The java.util.Set  interface is extended by the java.util.SortedSet interface. Unlike a regular set, the elements in a sorted set are sorted, either by the element's compareTo() method, or a method provided to the constructor of the sorted set. The first and last elements of the sorted set can be retrieved, and subsets can be created via minimum and maximum values, as well as beginning or ending at the beginning or ending of the sorted set. The SortedSet interface is implemented by java.util.TreeSet.

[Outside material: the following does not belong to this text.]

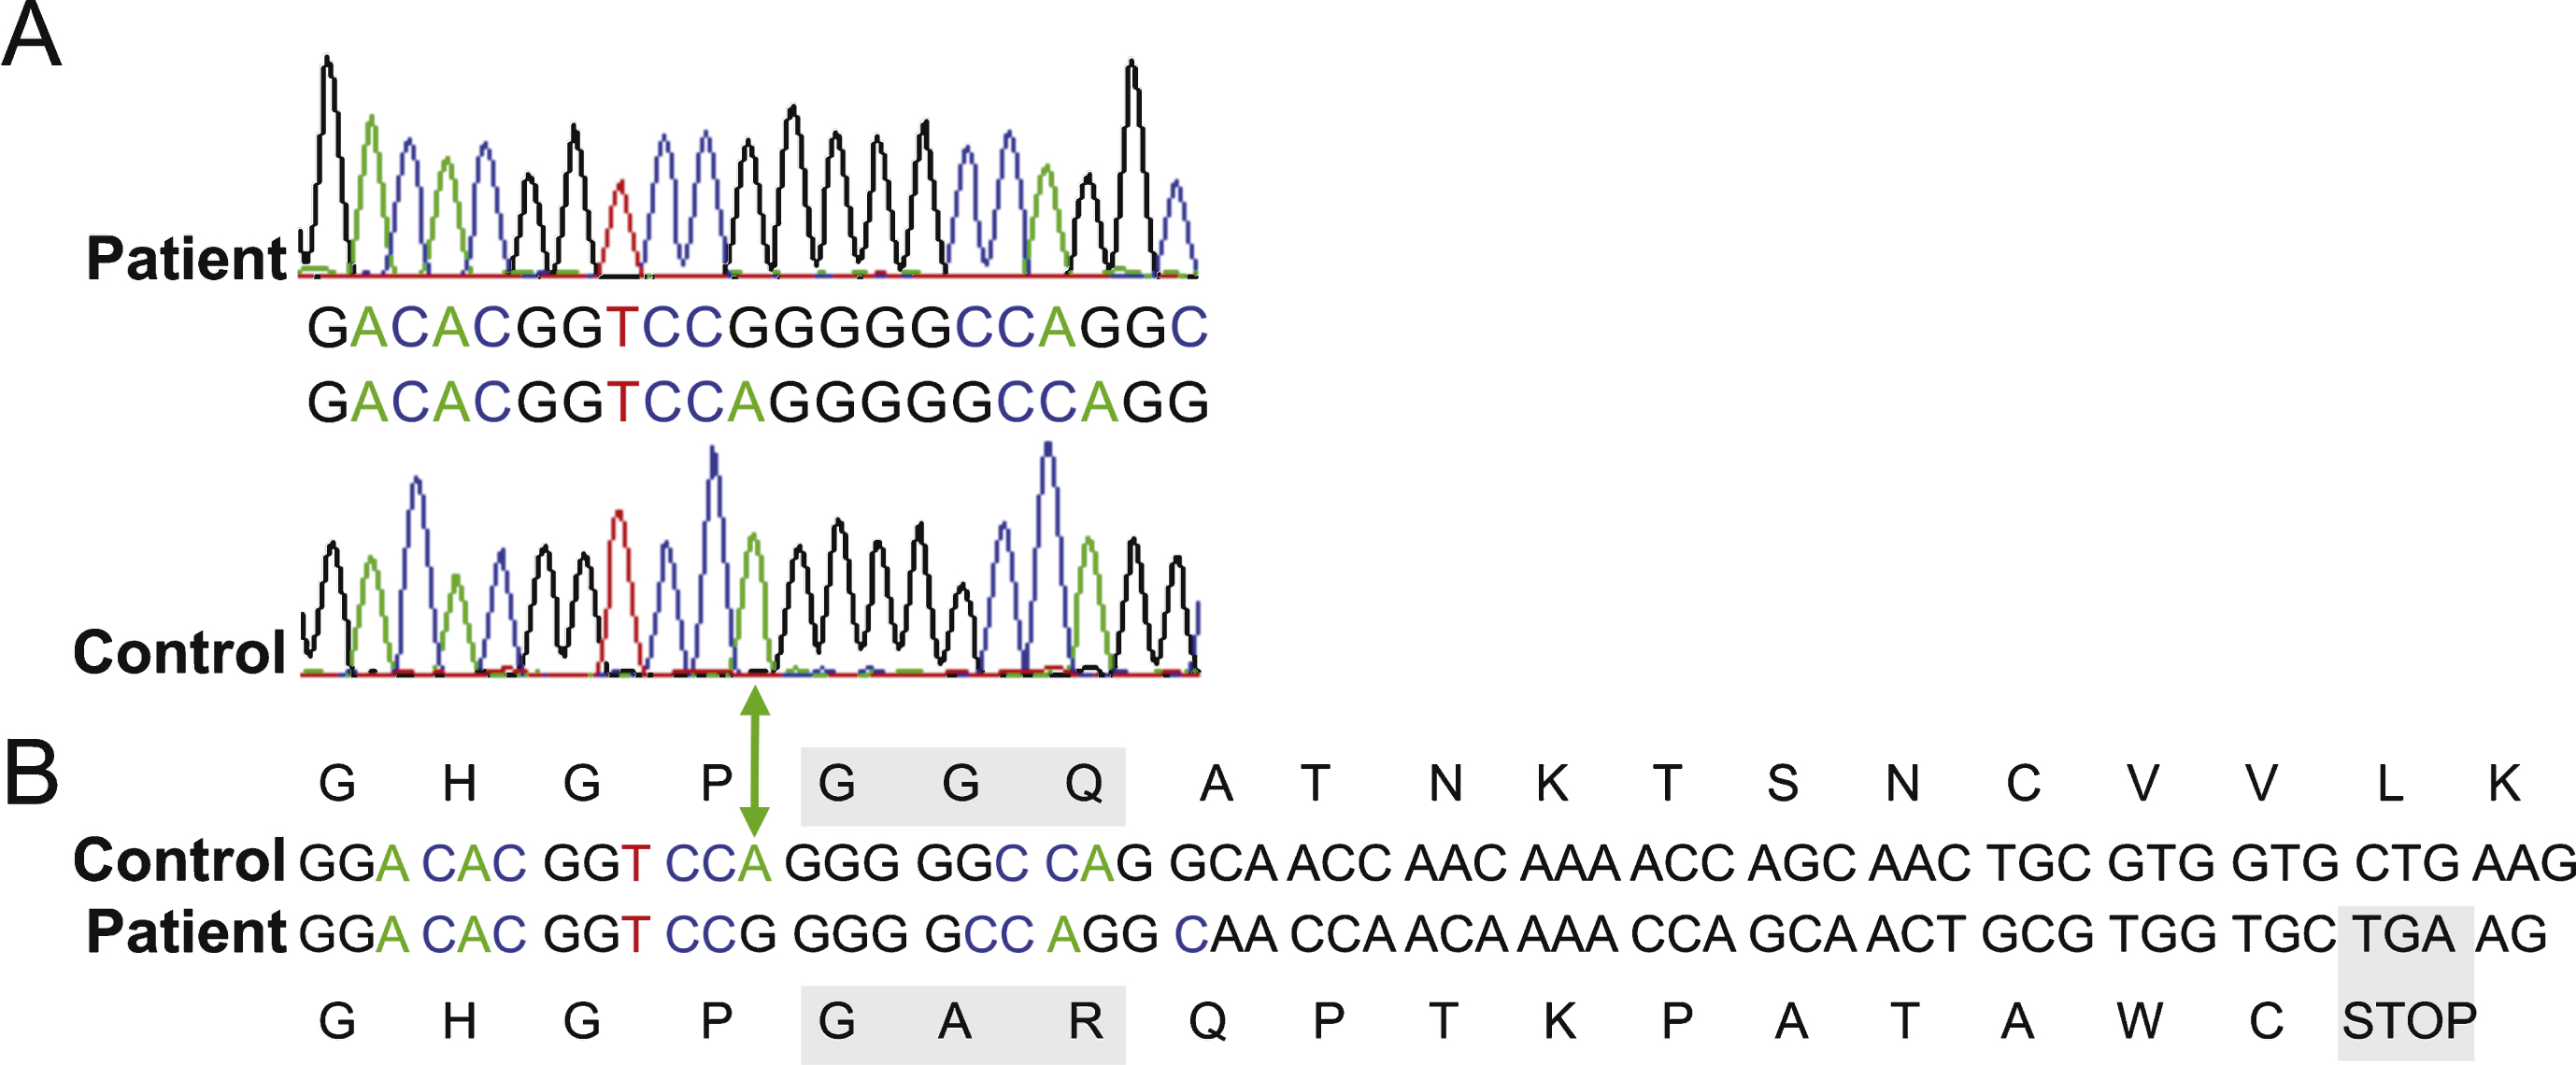 Sanger sequence analysis of C12orf65 patient gene. A. Region of an  electropherogram of Sanger sequencing of the C12orf65 gene from the patient (upper panel)  and wildtype control (lower panel), aligned to the GenBank accession: NM_152269.4 [19]. The green arrow indicates the position of the adenine nucleotide in control sample that is deleted from the patient’s genome. B. Schematic demonstrating the consequence of the single nucleotide deletion on the peptide sequence. The resultant frameshift introduces amino acid  changes and a premature UGA stop codon (grey box) predicted to encode a truncated protein. The alterations to the functional conserved GGQ motif are also boxed in grey.

java.util.SortedSet is extended further via the java.util.NavigableSet interface. It's similar to SortedSet, but there are a few additional methods. The floor(), ceiling(), lower(), and higher() methods find an element in the set that's close to the parameter. Additionally, a descending iterator over the items in the set is provided. As with SortedSet, java.util.TreeSet implements NavigableSet.

Map interfaces
Maps are defined by the java.util.Map interface in Java. Maps are simple data structures that associate a key with an element. This lets the map be very flexible. If the key is the hash code of the element, the map is essentially a set. If it's just an increasing number, it becomes a list. Maps are implemented by java.util.HashMap, java.util.LinkedHashMap, and java.util.TreeMap. HashMap uses a hash table. The hashes of the keys are used to find the elements in various buckets. LinkedHashMap extends this by creating a doubly linked list between the elements, allowing them to be accessed in the order in which they were inserted into the map. TreeMap, in contrast to HashMap and LinkedHashMap, uses a red–black tree. The keys are used as the values for the nodes in the tree, and the nodes point to the elements in the map.

The java.util.Map interface is extended by its subinterface, java.util.SortedMap. This interface defines a map that's sorted by the keys provided. Using, once again, the compareTo() method or a method provided in the constructor to the sorted map, the key-element pairs are sorted by the keys. The first and last keys in the map can be called. Additionally, submaps can be created from minimum and maximum keys. SortedMap is implemented by java.util.TreeMap.

The java.util.NavigableMap interface extends java.util.SortedMap in various ways. Methods can be called that find the key or map entry that's closest to the given key in either direction. The map can also be reversed, and an iterator in reverse order can be generated from it. It's implemented by java.util.TreeMap.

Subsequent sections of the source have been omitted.